# Help with hiss problem in Fender Blues DeVille



## Balou (Apr 1, 2008)

Hi

I have a serious problem with my Blues DeVille Reissue 2006. With noting plugged in the amp i have a lot of "hiss" when 1 open up the volume. It's not "hum" just "hiss". That very bug me. Is anybody had that problem? And how can i get rid of it"

Thank for your help...


----------



## Wild Bill (May 3, 2006)

Balou said:


> Hi
> 
> I have a serious problem with my Blues DeVille Reissue 2006. With noting plugged in the amp i have a lot of "hiss" when 1 open up the volume. It's not "hum" just "hiss". That very bug me. Is anybody had that problem? And how can i get rid of it"
> 
> Thank for your help...


Ca va, Balou! Fait-tu?:smile:

Some hiss is normal. It is caused by electrons inside the tubes boiling away from the cathodes. With the clean channel it should not be objectionable, except maybe at "10" on the volume. When you punch in the gain channels the hiss will get louder. Turning down the treble will help.

It should be easy to play over the sound of the hiss. The frequency of the hiss is much higher than the highest notes of your guitar. 

If the hiss is much louder than what would be normal it could be from a 12AX7 that has a problem. TungSol 12AX7's are known to be quieter than most.

So far I've been talking about easy things to try. In extreme cases you can have a resistor go bad in the circuit around a tube and cause extreme hiss. The old fashioned carbon comp resistors are well known for being the greatest hiss generators ever made! If this is the problem it would need a tech to fix it.

Good luck! Et vive Bras D'or! vive Chambly! Pas Mauditz!

:food-smiley-004:


----------



## Balou (Apr 1, 2008)

Thanks Wild Bill,

Effectively, we have are a lot of good beer around here hi hi!

Like you said i will try to change the two 12AX7 preamp tubes and see if that correct the problem. I'll let you know.

I did'nt notice the problem too much, because i play very quietly. But a friend of mine who want to get my amp for micing in his gig notice that, and pass 5 on the volume on clean channel the hiss cover about 15-20% of the sound wich is a lot and for recording it's too much.
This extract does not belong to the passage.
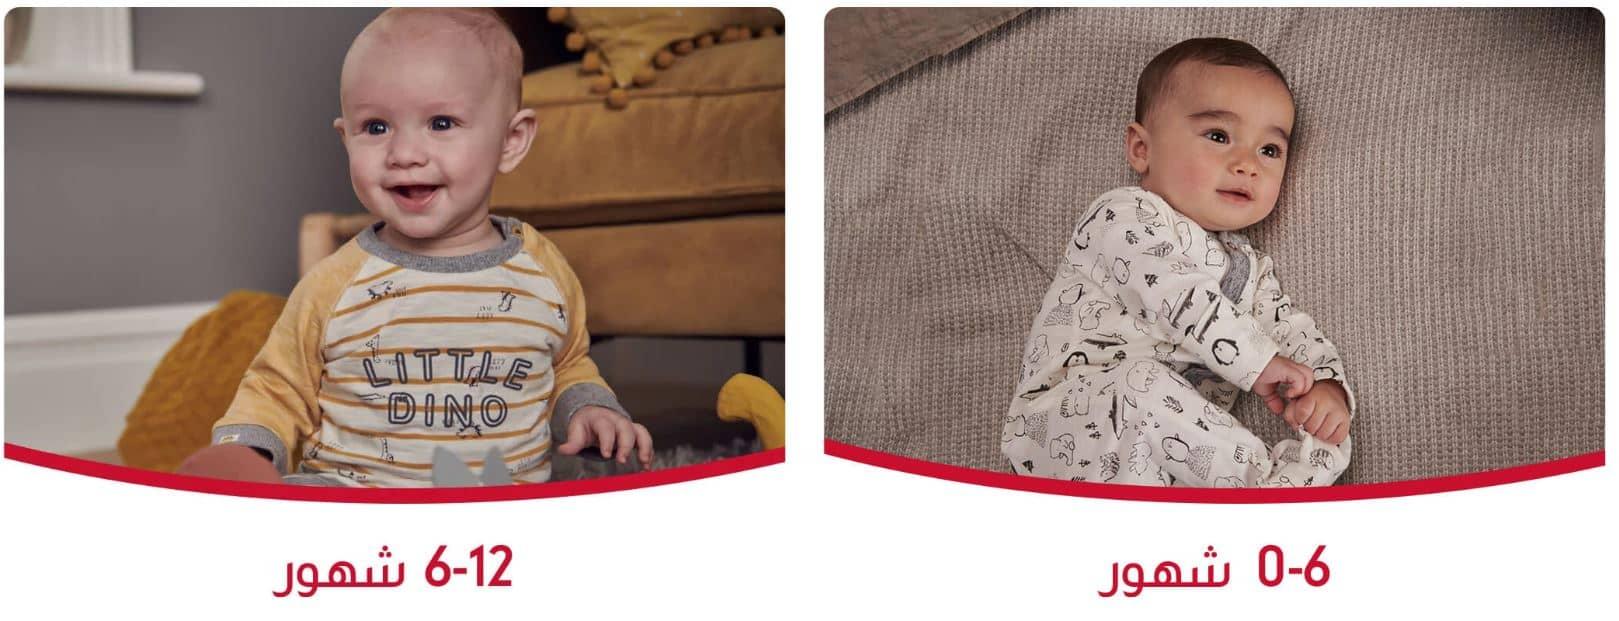 عروض مذركير ملابس اطفال اشتر 2 واحصل على 1 مجانا

Anyway i'll try that after work tonight.

Thanks again!


----------



## suttree (Aug 17, 2007)

could also have been: a bad cable, a bad ground, or a bad input jack (i had one go on my old blues deville).... could also be that your friend had something strange going on in the gain stages?


----------



## Balou (Apr 1, 2008)

Thanks Suttree,

I'll check the input jack too.

A bad groung should generate hum i think??? I don't have any hum.


----------



## Wild Bill (May 3, 2006)

Balou said:


> Thanks Wild Bill,
> 
> Effectively, we have are a lot of good beer around here hi hi!
> 
> ...


Balou, when you are in the studio you might suggest to the sound man that when he mic's the amp he use the EQ in that channel to cut everything above 7khz or so. A lead guitar puts out very little audio energy above 5khz. Hiss frequencies are much higher. So if he experiments he should find a compromise where he cuts out the hiss but still leaves lots of sparkle on the guitar!

:food-smiley-004:


----------



## Balou (Apr 1, 2008)

You have a good point Wild Bill... Your the best ;-)


----------



## Balou (Apr 1, 2008)

*A bad 12AX7 Wild Bill*

Hi Wild Bill,

You had reason... I have a couple of 12AX7 that i try in the amp, and the problem was V1. Just replace it and all is fine now. There's still some hiss but i think it's normal. I'll go for a full retube, i never retube it since i had it.:banana:

Thanks again, you rock man...:rockon2:

Ce fut un plaisir d'échanger avec toi.:food-smiley-004:


----------